Given entries →
BEGIN
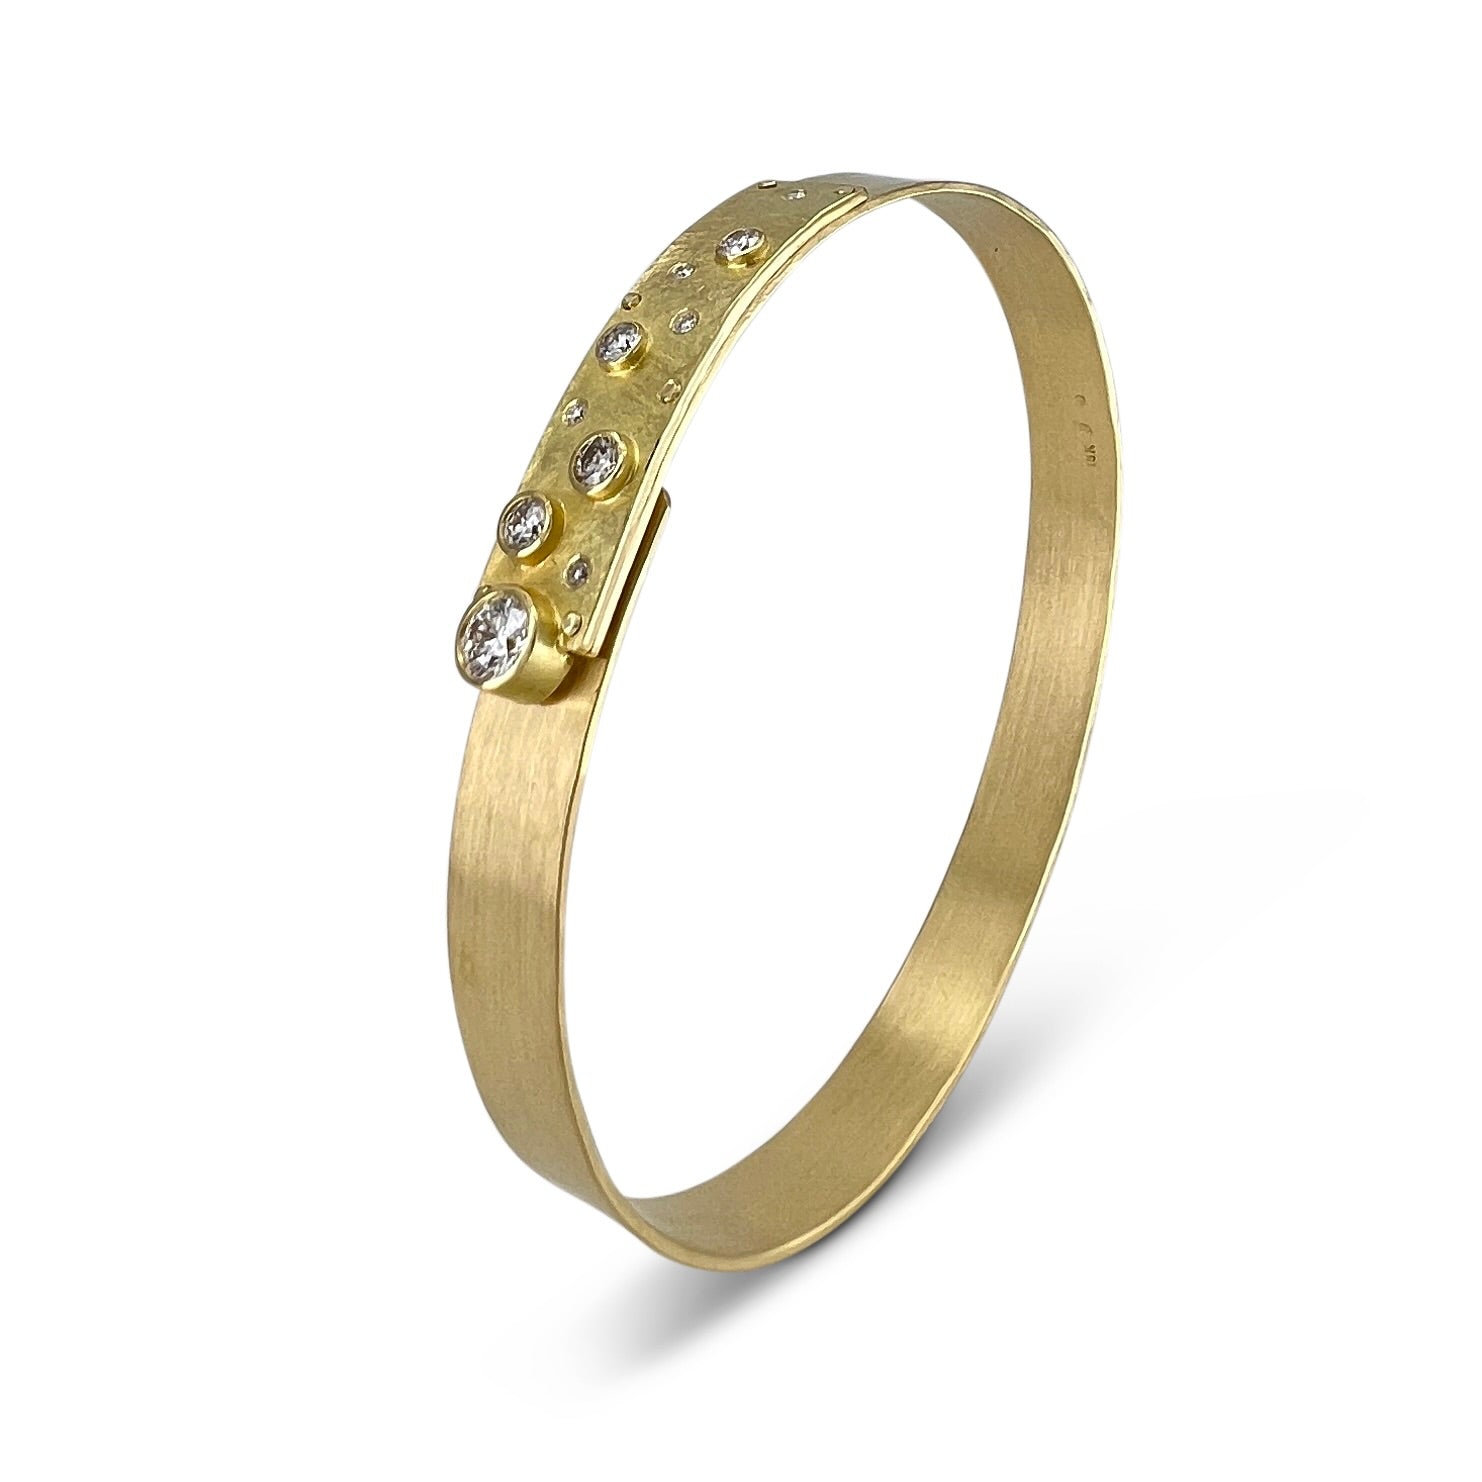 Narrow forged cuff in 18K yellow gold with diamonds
END
BEGIN
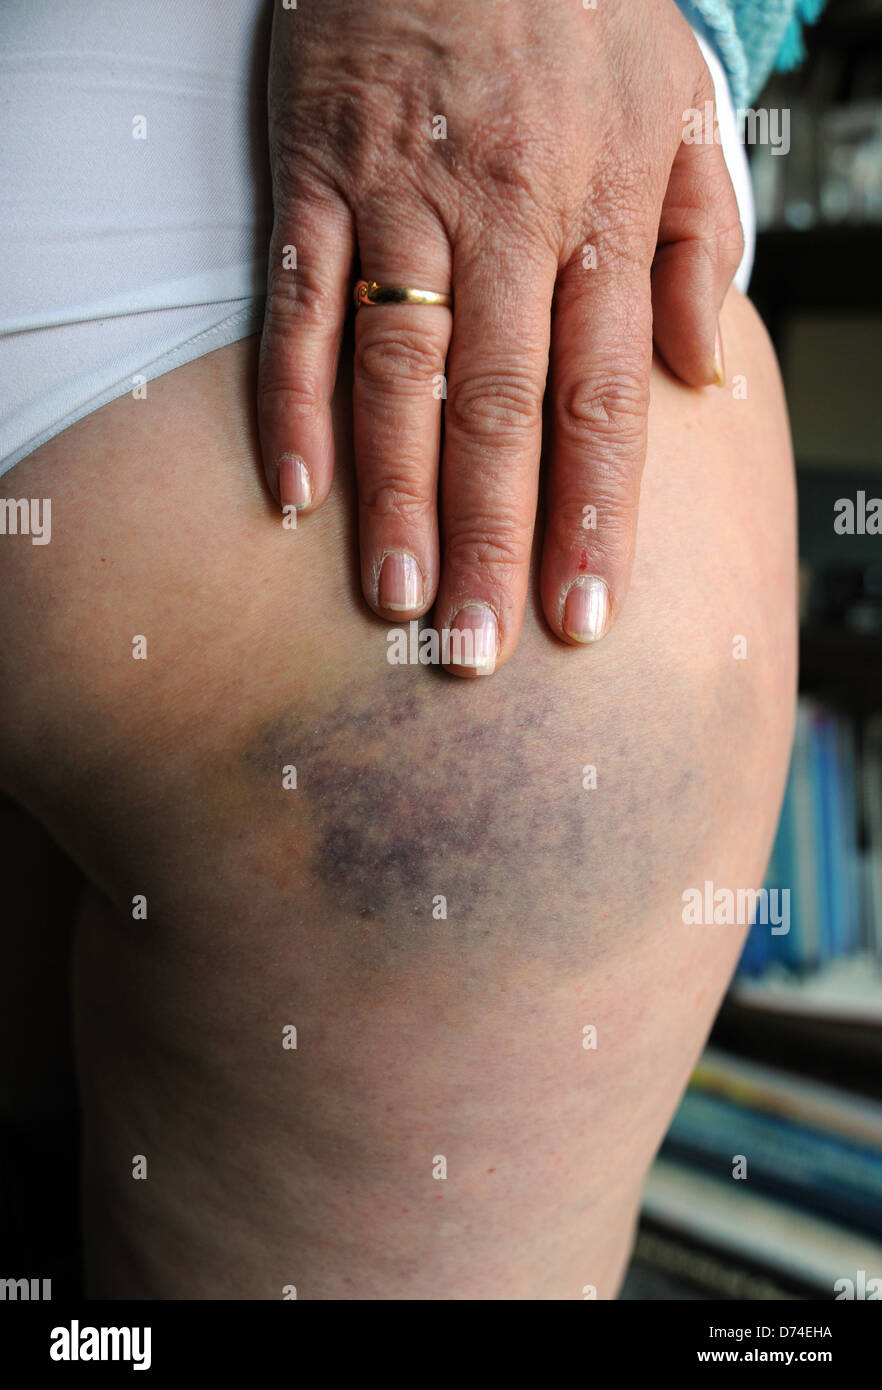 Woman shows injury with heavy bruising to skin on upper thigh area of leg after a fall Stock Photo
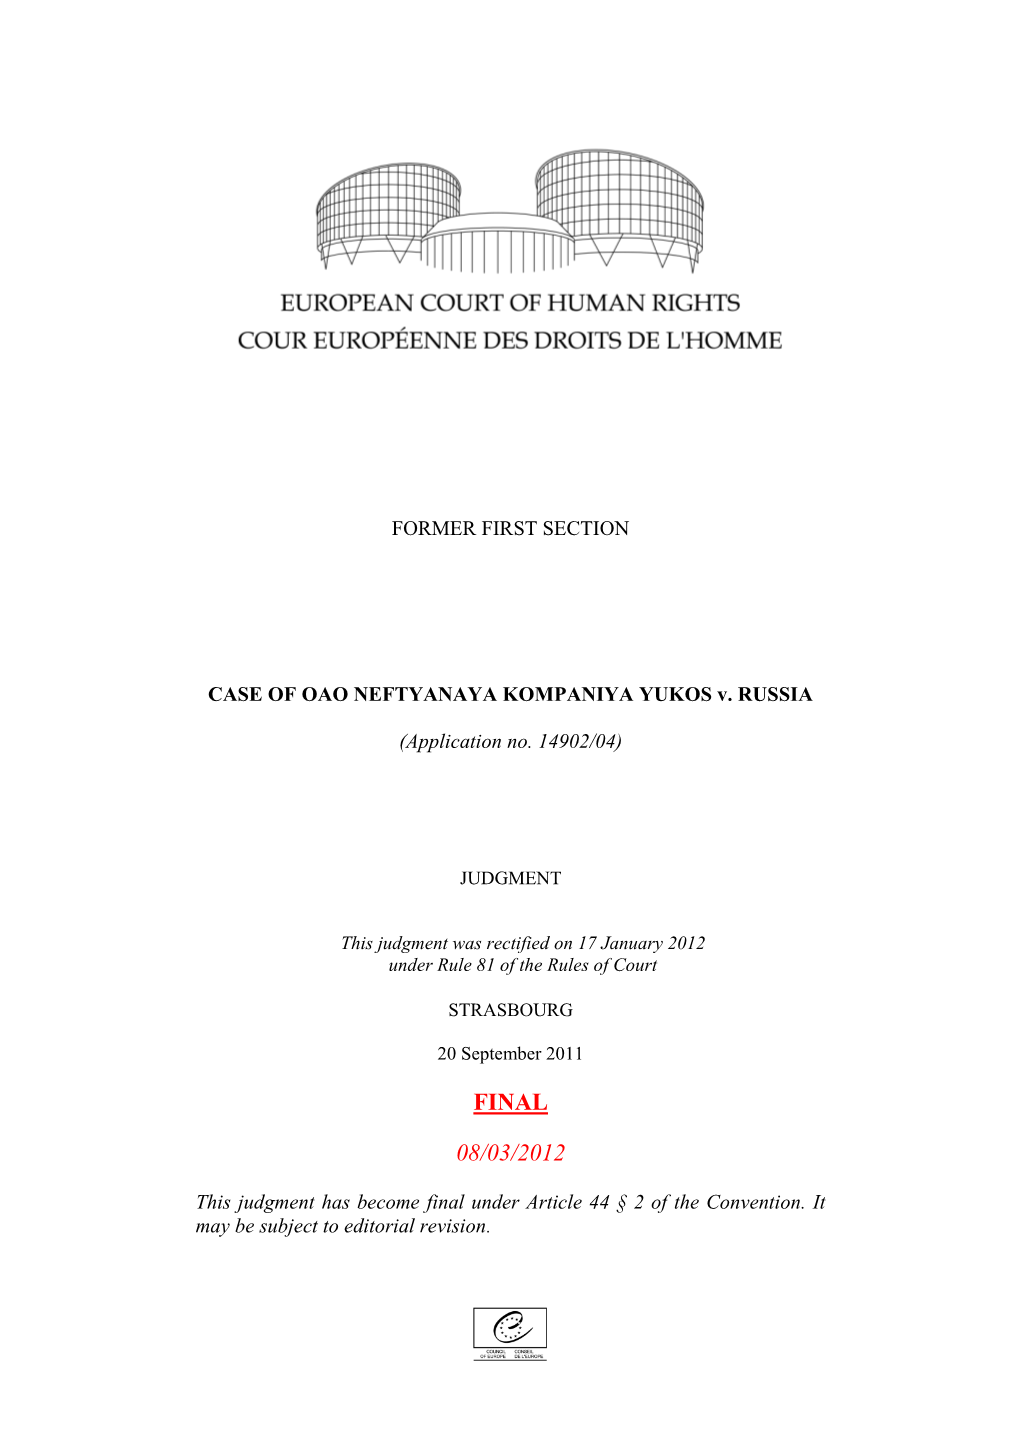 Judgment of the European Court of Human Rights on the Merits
END
BEGIN
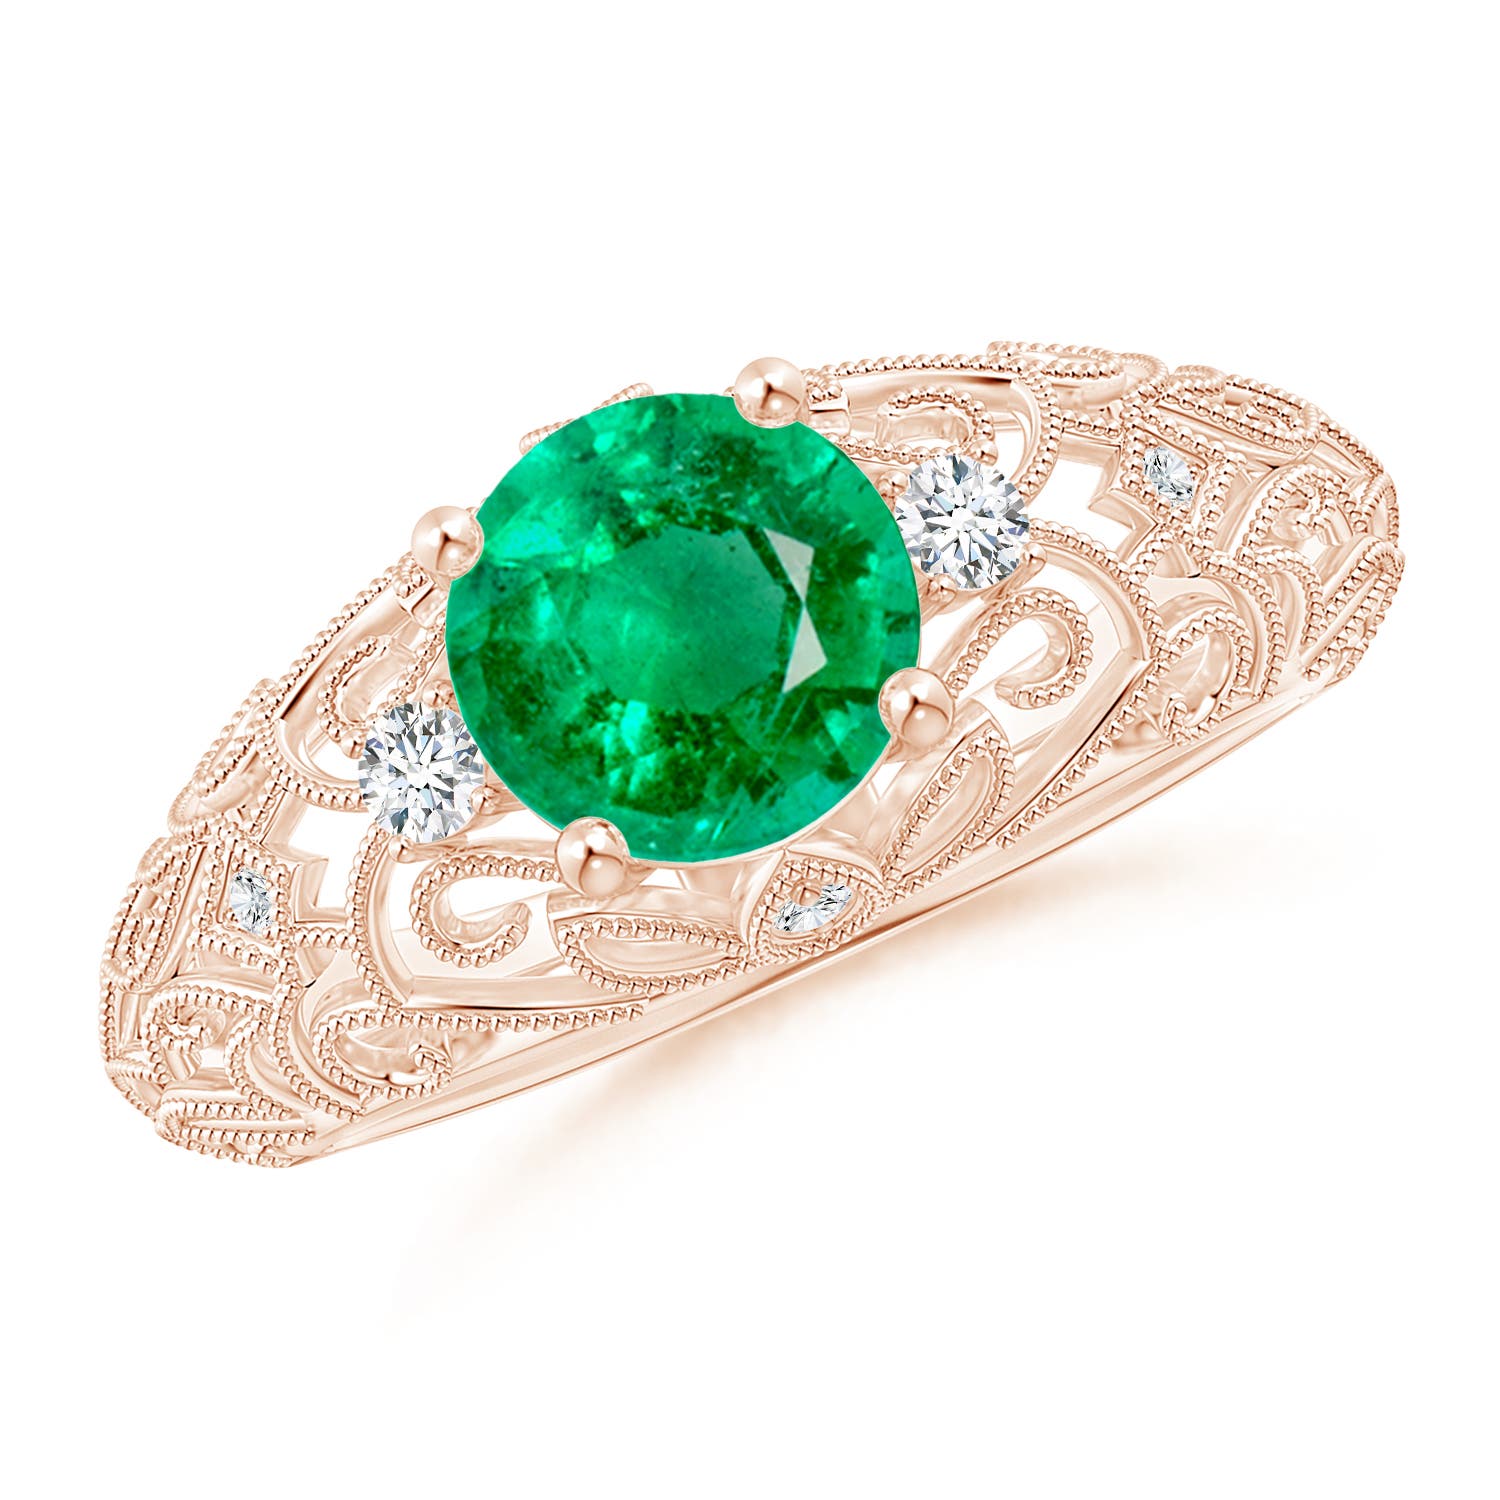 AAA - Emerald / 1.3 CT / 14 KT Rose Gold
END
Going by the entries above, repeat exactly the lines that start at the line with "Woman shows injury" and go on through the line with "Judgment of the". Pictures are not part of the copy.

Exercise result →
 Woman shows injury with heavy bruising to skin on upper thigh area of leg after a fall Stock Photo
 Judgment of the European Court of Human Rights on the Merits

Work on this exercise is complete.